When tdot produces wrong results, run this diagnostic:

import openmind

def debug_tdot(a, b, expected):
    # Layer 1: Check source math
    source_result = openmind.reference_tdot(a, b)
    assert source_result == expected, f"Source bug: {source_result} != {expected}"
    
    # Layer 2: Check IR lowering
    ir_result = openmind.ir_tdot(a, b)
    assert ir_result == expected, f"Lowering bug: {ir_result} != {expected}"
    
    # Layer 3: Check MIR optimization
    mir_result = openmind.mir_tdot(a, b)
    assert mir_result == expected, f"Optimizer bug: {mir_result} != {expected}"
    
    # Layer 4: Check PTX generation
    ptx_result = openmind.ptx_tdot(a, b)
    assert ptx_result == expected, f"Codegen bug: {ptx_result} != {expected}"
    
    # Layer 5: Check GPU execution
    gpu_result = openmind.gpu_tdot(a, b)
    assert gpu_result == expected, f"Execution bug: {gpu_result} != {expected}"
    
    print("All layers match. Bug is elsewhere.")

The first assertion that fails tells you exactly which layer introduced the bug.

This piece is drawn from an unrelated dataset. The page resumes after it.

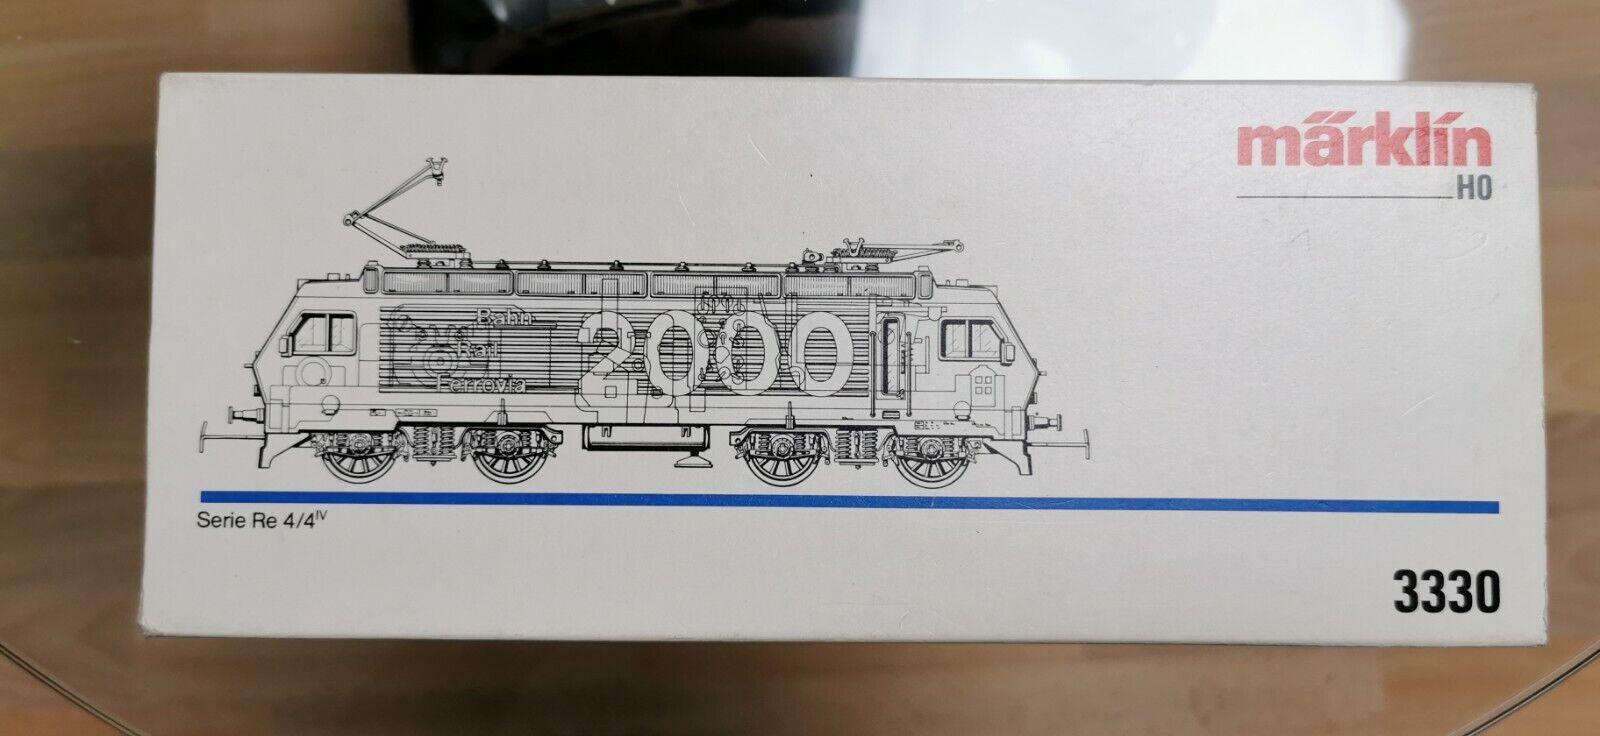 marklin HO 3330 serie re44 t2511

Debugging Multi-Agent Systems

When agents disagree, trace the ternary signals:

# Log every vote in the conductor
conductor = openmind.Conductor(score=mm, debug=True)
conductor.start()

# After a fault:
for agent, votes in conductor.debug_log.items():
    print(f"{agent}: {votes}")
    # Look for {-1} votes that should be {0}
    # Look for agents stuck on one value (sensor failure)
    # Look for oscillation: +1, -1, +1, -1 (control loop instability)

Debugging Muscle Memory

When mm.flex() returns the wrong chord:

reflex = mm.flex("spi_write")
print(reflex.chord.name)       # Should be "spi_write"
print(reflex.chord.module)     # Should be "drivers.spi"
print(reflex.chord.decision)   # Should be "hardcode" (if tested)
print(reflex.confidence)       # Should be > 0.9

# If confidence is low, the chord might be ambiguous
alternatives = mm.recall("spi_write", top_k=5)
for alt in alternatives:
    print(f"  {alt.name}: {alt.confidence}")

Connect

Activate

Enable full tracing on any compilation:

import openmind

result = openmind.compile("my_kernel.flux", 
    trace=True,
    verify_each_stage=True,
    emit_intermediates=True
)

# If compilation succeeds but output is wrong:
for i, stage in enumerate(result.trace):
    stage.save(f"debug_layer_{i}.txt")

# Diff adjacent stages to find the divergence
# The bug is always at the first layer where witnesses don't match

When something fails:

  1. Don't guess which layer. Trace all five.
  2. Don't fix the symptom. Find the first divergent witness.
  3. Don't patch around it. The conservation law says correctness is preserved — if it's broken, find where the chain broke.